**AIM OF THE EXERCISE:** Word for word, copy the entire listing below, but do not carry over any pictures.

**DATASET CONTENT:**
------------

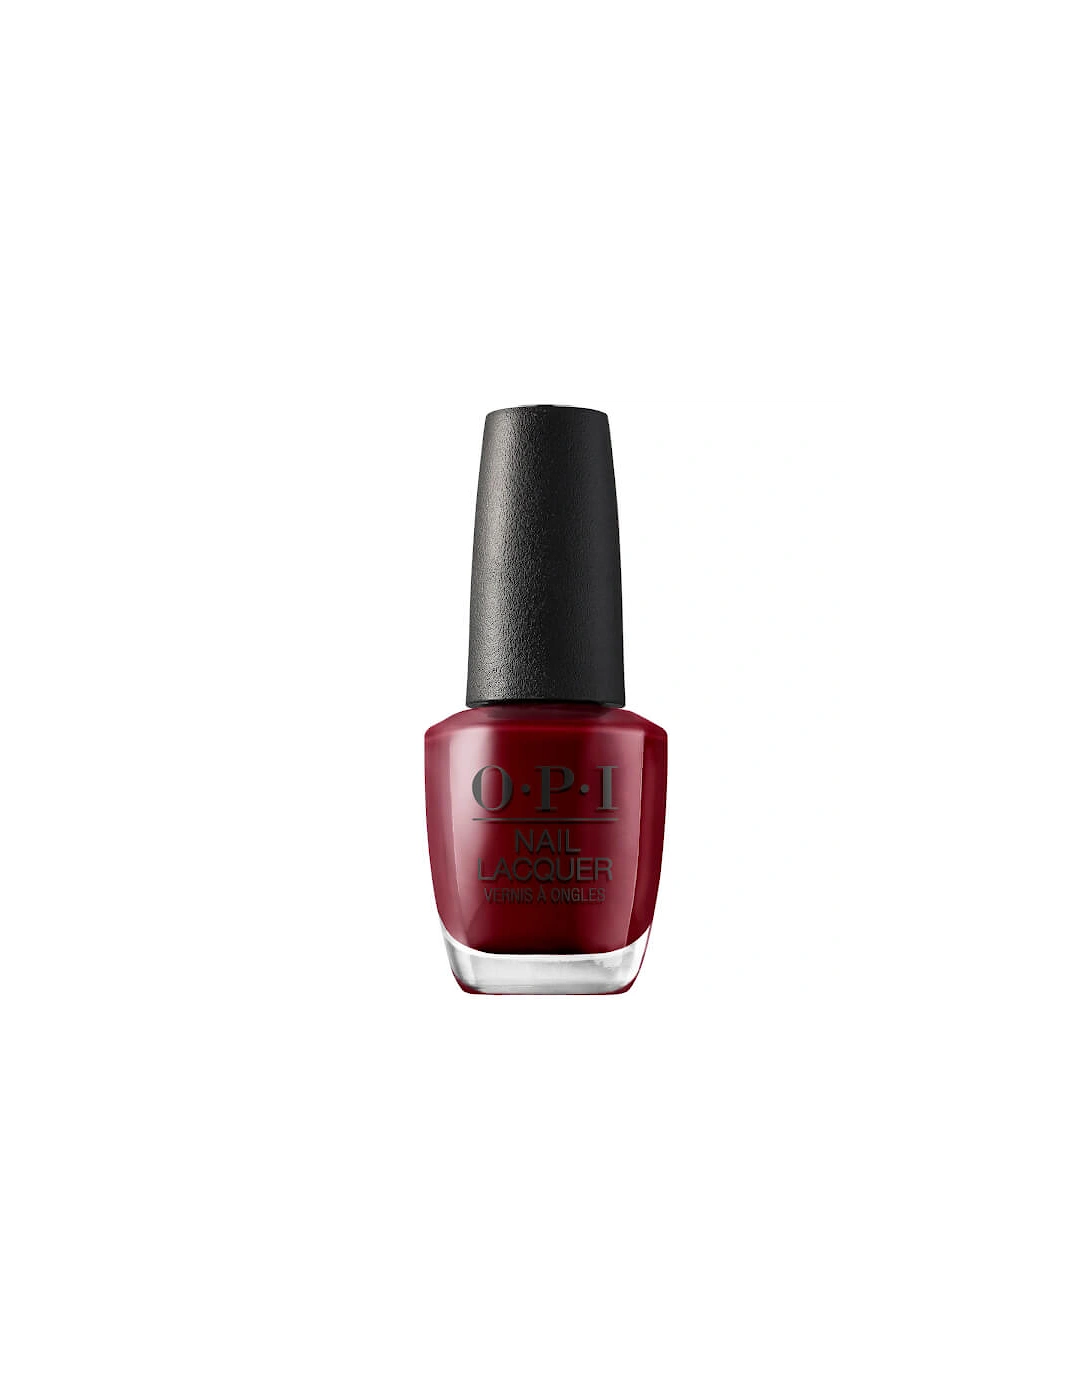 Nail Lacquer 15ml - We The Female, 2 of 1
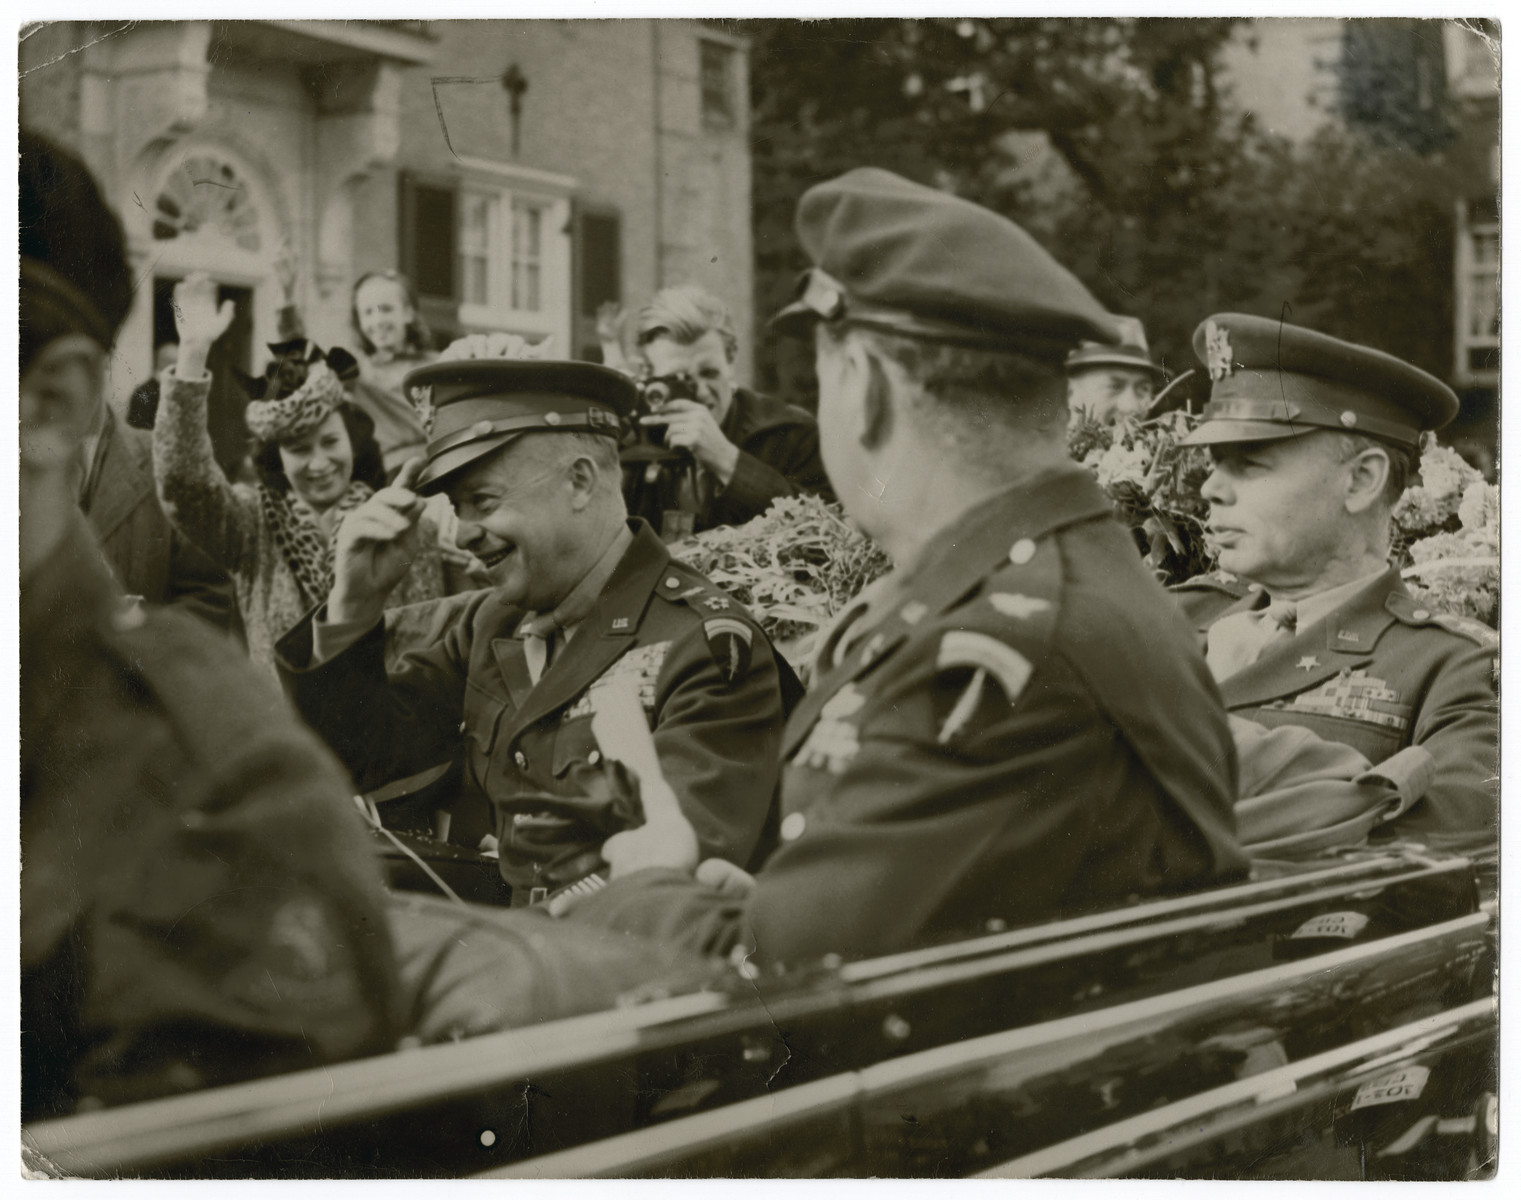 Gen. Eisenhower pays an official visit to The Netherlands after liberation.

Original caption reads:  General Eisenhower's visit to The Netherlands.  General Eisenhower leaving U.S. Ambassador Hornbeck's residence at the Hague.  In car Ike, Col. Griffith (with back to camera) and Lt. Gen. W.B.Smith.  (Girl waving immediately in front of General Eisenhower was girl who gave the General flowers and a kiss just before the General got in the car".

------------

**COMPLETED TASK:**
 Nail Lacquer 15ml - We The Female, 2 of 1
 Gen. Eisenhower pays an official visit to The Netherlands after liberation.

Original caption reads:  General Eisenhower's visit to The Netherlands.  General Eisenhower leaving U.S. Ambassador Hornbeck's residence at the Hague.  In car Ike, Col. Griffith (with back to camera) and Lt. Gen. W.B.Smith.  (Girl waving immediately in front of General Eisenhower was girl who gave the General flowers and a kiss just before the General got in the car".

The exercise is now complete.